Optimization of Multi-depot Semi-open Cold-Chain Logistics Paths Under Time-Dependent Road Networks
摘要
To address the inefficiencies and high loss rates in urban cold-chain logistics, this study investigates a complex distribution scenario characterized by a multi-depot semi-open structure, time-dependent road networks, and simultaneous pickup and delivery. A comprehensive mathematical model is developed to minimize total costs, incorporating cold-chain product deterioration, vehicle energy consumption, and customer time windows.
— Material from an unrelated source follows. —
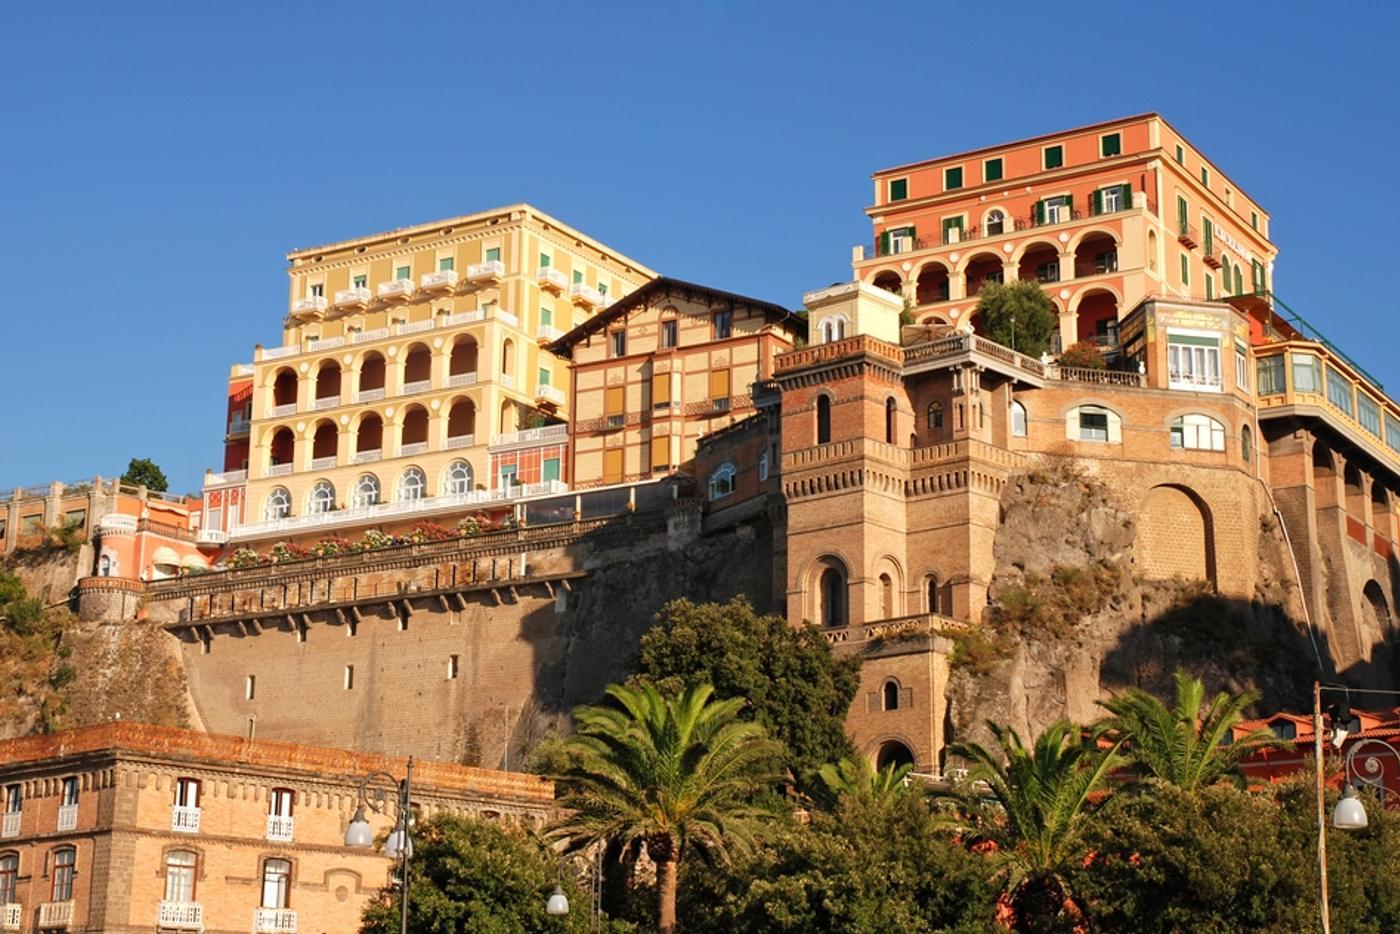 Photo Tour of Amalfi Coast 13

To solve this combinatorial optimization problem effectively, a hybrid metaheuristic algorithm (FA–LNS) is proposed, which integrates the global exploration capability of the Firefly Algorithm (FA) with the local refinement strength of Large Neighborhood Search (LNS). The FA component is adapted with a discrete position update strategy, while LNS performs solution-space intensification through targeted destruction and repair operations. Extensive experiments, including benchmark comparisons with exact methods and existing heuristics, demonstrate the superior performance of FA–LNS in terms of solution quality and computational efficiency. Furthermore, sensitivity analyses are conducted on key logistics parameters—vehicle departure times, dynamic driving speeds, and return strategies—highlighting the importance of modeling time-varying congestion, semi-open routing flexibility, and departure-time optimization. The findings offer actionable managerial insights to support strategic decision-making in cold-chain logistics.